Revance is finalizing the trial protocols for the pivotal program,
which is planned to commence in the second quarter of 2018.
In May 2017, the company reported that in a Phase 2 trial, RT002
appeared to be generally safe and well-tolerated, delivered
clinically significant improvement in signs and symptoms of
cervical dystonia in patients, and demonstrated duration of effect
of at least 24 weeks. Earlier this month, the company announced
that the FDA granted Orphan Drug Designation for RT002 to treat
cervical dystonia.
“Our discussions with the FDA and EMA were very fruitful,
directing specific courses of action for our clinical program for
RT002 in cervical dystonia,” said Dan Browne, President and Chief
Executive Officer of Revance. “We are energized by the momentum
behind our first potential therapeutic indication and are excited
by the prospect of bringing this promising, long-acting therapy to
those suffering from this highly debilitating disease.”
About Cervical Dystonia
According to the Dystonia Medical Research Foundation, whose
mission is to advance research, promote awareness and education,
and support the needs of affected individuals, cervical dystonia is
a painful condition in which the neck muscles contract
involuntarily, causing abnormal movements and awkward posture of
the head and neck. The movements may be sustained (tonic), jerky
(clonic), or a combination.
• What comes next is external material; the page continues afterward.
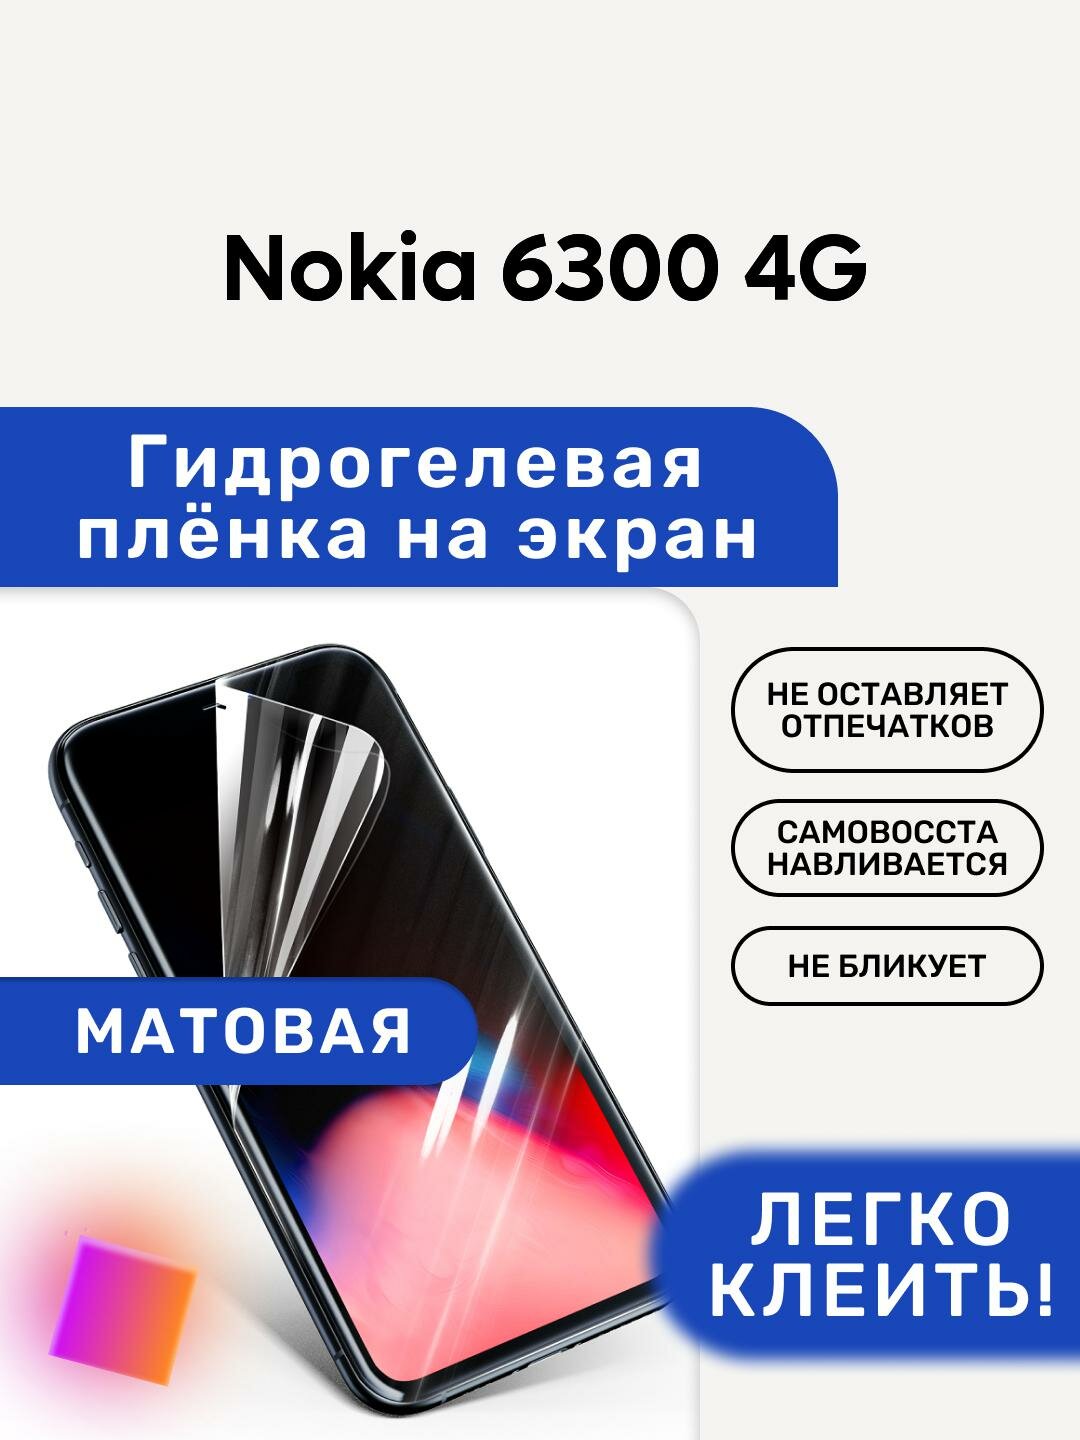 Матовая Гидрогелевая плёнка полиуретановая защита экрана Nokia 6300 4G

Cervical dystonia (also referred to as
spasmodic torticollis) may be primary (meaning that it is the only
apparent neurological disorder, with or without a family history)
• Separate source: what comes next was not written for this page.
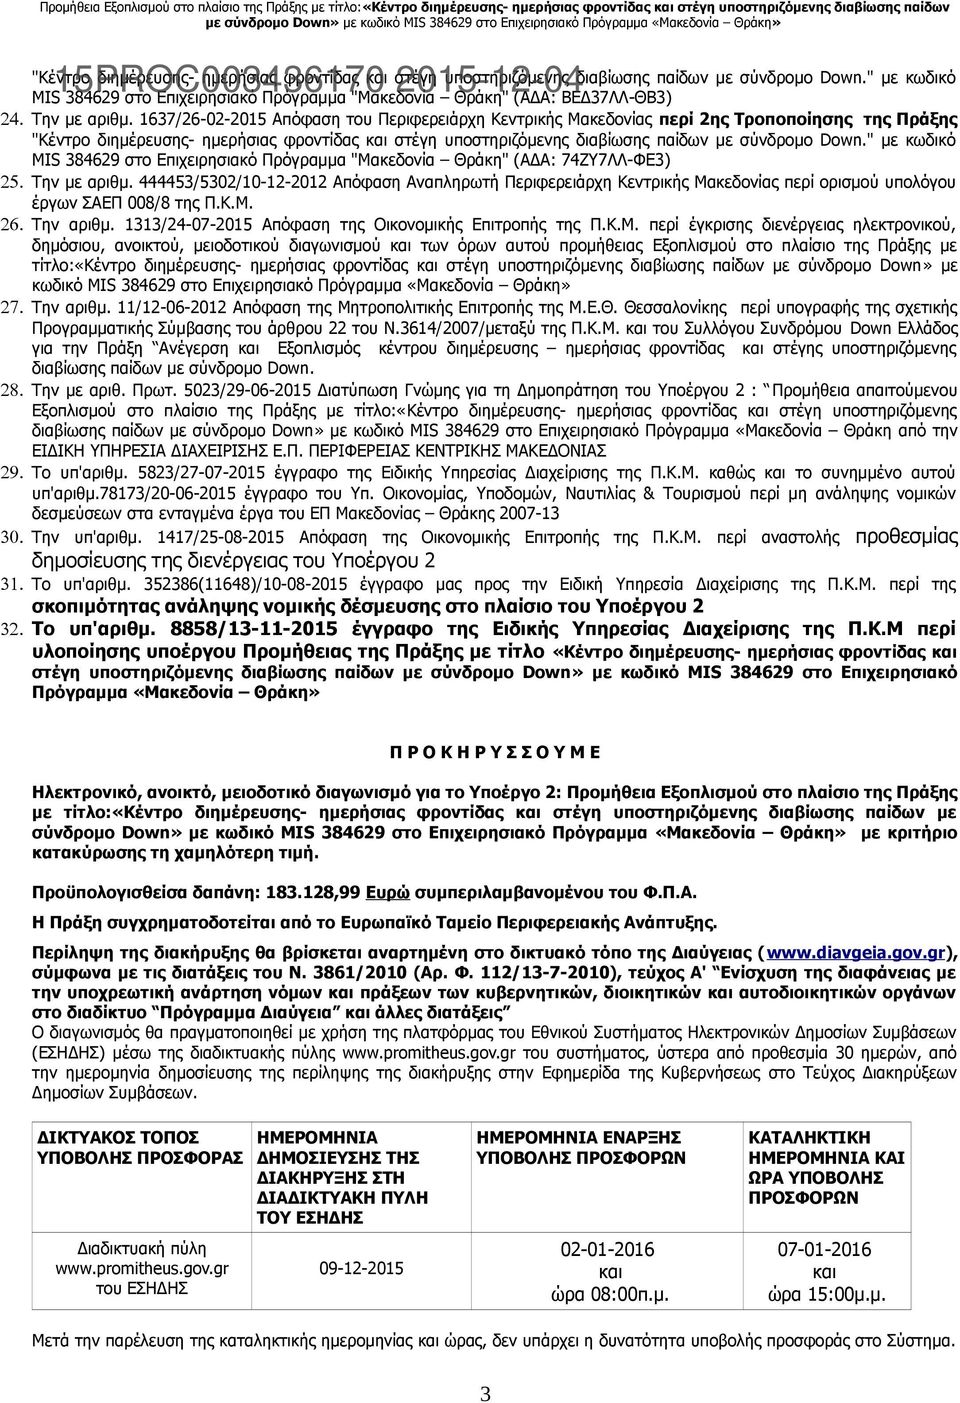 1637/26-02-2015 Απόφαση του Περιφερειάρχη Κεντρικής Μακεδονίας περί 2ης Τροποποίησης της Πράξης "Κέντρο διημέρευσης- ημερήσιας φροντίδας και στέγη υποστηριζόμενης διαβίωσης παίδων με σύνδρομο Down.

or may be brought about by secondary causes (such as physical
trauma). It can result in considerable pain and discomfort.
Treatments for cervical dystonia include oral medications,
botulinum toxin injections, surgery, and complementary therapies.
Botulinum toxin can help block the communication between the nerve
and the muscle and may alleviate abnormal movements and postures.
Current botulinum toxin treatments for cervical dystonia have a
duration of effect of approximately three months. Cervical dystonia
can occur at any age, although most individuals first experience
symptoms in middle age. The condition affects a few hundred
thousand adults and children in the United States alone. Revance
estimates the global market for treating muscle movement disorders
with botulinum toxins, including cervical dystonia, was nearly $1
billion in 2015.
About Revance Therapeutics, Inc.
Revance, a Silicon Valley-based biotechnology company, is
committed to the advancement of remarkable science. The company is
developing a portfolio of products for aesthetic medicine and
underserved therapeutic specialties, including dermatology,
orthopedics and neurology. Revance’s science is based upon a
proprietary peptide technology, which when combined with active
drug molecules, may help address current unmet needs. Revance’s
initial focus is on developing daxibotulinumtoxinA, the company’s
highly purified botulinum toxin, for a broad spectrum of aesthetic
and therapeutic indications, including facial wrinkles and muscle
movement disorders.
The company’s lead drug candidate, DaxibotulinumtoxinA for
Injection (RT002), is currently in development for the treatment of
glabellar lines, cervical dystonia and plantar fasciitis with the
potential to be the first long-acting neuromodulator. The company
holds worldwide rights to RT002 injectable and RT001 topical and
the pharmaceutical uses of its proprietary peptide technology
platform. More information on Revance may be found
at www.revance.com.
“Revance Therapeutics” and the Revance logo are registered
trademarks of Revance Therapeutics, Inc.
Forward-Looking Statements
This press release contains forward-looking statements,
including statements related to the process and timing of, and
ability to complete, current and anticipated future clinical
development of our investigational drug product candidates,
including but not limited to initiation and design of clinical
studies for current and future indications, related results and
reporting of such results; statements about our business strategy,
timeline and other goals and market for our anticipated products,
plans and prospects; and statements about our ability to obtain
regulatory approval; and potential benefits of our drug product
candidates and our technologies.
Forward-looking statements are subject to risks and
uncertainties that could cause actual results to differ materially
from our expectations. These risks and uncertainties include, but
are not limited to: the outcome, cost, and timing of our product
development activities and clinical trials; the uncertain clinical
development process, including the risk that clinical trials may
not have an effective design or generate positive results; our
ability to obtain and maintain regulatory approval of our drug
product candidates; our ability to obtain funding for our
operations; our plans to research, develop, and commercialize our
drug product candidates; our ability to achieve market acceptance
of our drug product candidates; unanticipated costs or delays in
research, development, and commercialization efforts; the
applicability of clinical study results to actual outcomes; the
size and growth potential of the markets for our drug product
candidates; our ability to successfully commercialize our drug
product candidates and the timing of commercialization activities;
the rate and degree of market acceptance of our drug product
candidates; our ability to develop sales and marketing
capabilities; the accuracy of our estimates regarding expenses,
future revenues, capital requirements and needs for financing; our
ability to continue obtaining and maintaining intellectual property
protection for our drug product candidates; and other risks.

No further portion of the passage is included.